At that point we went a few different routes to try and fix the problem. One guy made clip on brackets that went between the 14″ leg gap at the module ends. These provided more stability in one direction. I had dreams of bent metal rods that fit through holes on the EMT to form the classic “X” supporting shape, or went diagonally to the module to give the structural triangle shape, but never made it through to a prototype. Another guy used thin wall PVC and “T” fittings to make some supports between the far legs on his 5′ modules. But by show time we did not have a proven stable design to fix the issue. All we had was hope that no one would really bump the module hard – at least not the yard modules.

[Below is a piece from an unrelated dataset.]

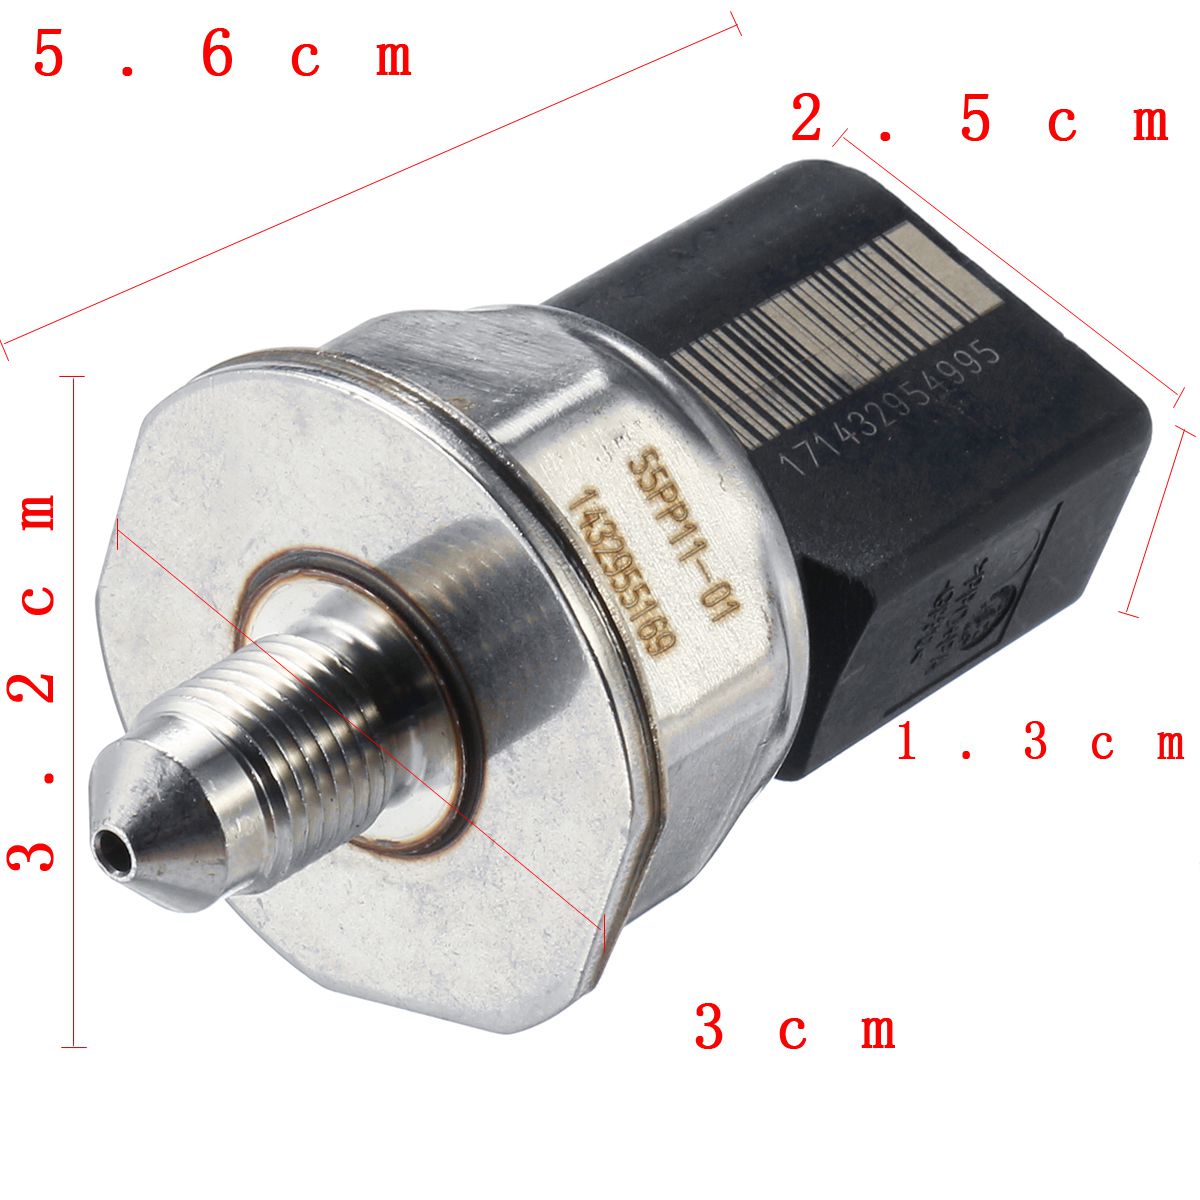 Car-Fuel-Pressure-Sensor-Sender-Transducer-for-BMW-F01-F07-E46-E60-E71-E82-E90-E91-E92-1449098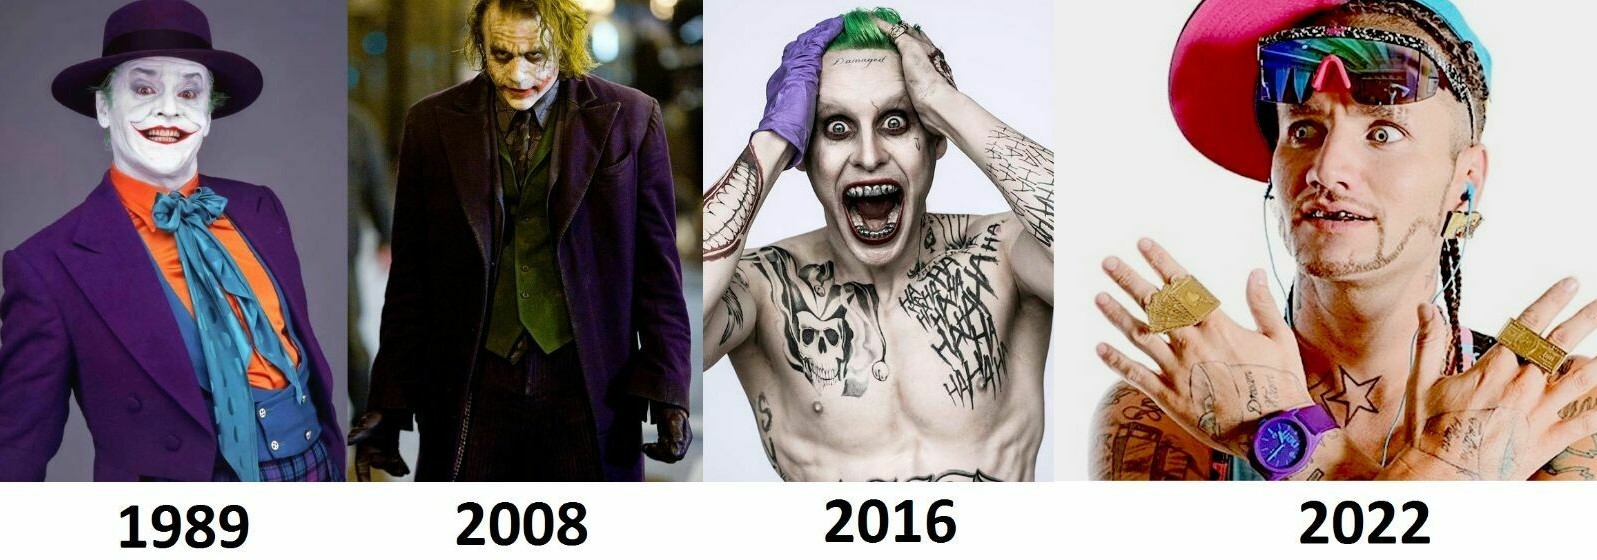 Joker evolution - meme

With this in the back of my mind leading up to the show, I took the first opportunity after the modules were setup and someone starting loading cars onto the track, to whack the module. Half expecting the cars to flip onto their sides, I was pleasantly surprised to see them rock a bit and then settle down quickly. I checked that they were metal wheel sets (usually roll really well) , and they were. Holly suspension bridge Batman, the modules were finally reasonable stable when all were clamped together in an “L” shape. A combination of the curve, the mass, the shear length and whatever other mechanical miracles came together in one stable layout.
The Perfect Module Leg
Probably not, but it met most of the goals, and is working. How do I feel it stacks up?
- take up little room – for this show all 46 legs for the entire layout fit into an old WWII duffel bag. This would have been the size two sets of the old wood goal posts would have taken up. They even fit cross-ways in the back-seat, foot-well of a Prius.
- inexpensive – EMT and PVC are pennies-a-foot. The star threads and feet are more pricey, but no different than the hardware needed for wood legs. There is some man-hours in cutting and modifying the PVC, but we dealt with that by making a lot at one time – good old production line tactics.
- to be universal – the only leg that has a marking on it the first one I cut, and it is labeled as “master”. All the other legs are exactly the same height and interchangeable with every module. Due to the “stop screw” in the pocket being mounted at slightly different heights there is some need to use the adjustable feet, but we have 1.5″ of threading to compensate and only need at most a 1/4″ for this.
- to provide 2″ height flexibility – to be honest we only have 1.5″ of thread on the foot so that means we have less than that in flexibility. Hopefully we will never setup on a really unlevel floor, but if we do we will just need to bring a box of 3/4″ blocks to setup on in the really low spots.
- soft feet – The feet are not sponge cake, but they definitely are not likely to scratch a wood floor. Besides, if they are too soft of a plastic then debris just gets embedded in the plastic and it becomes sand paper.
- to be sturdy – Since this is kind of the definition of the purpose of a leg, you can see where I was really sweating Problem 5. In the end it looks like it is stable enough. I suspect as we grow, add more curves, add a branch and add other towns that it will become even more stable with the shear mass and number of legs on the floor.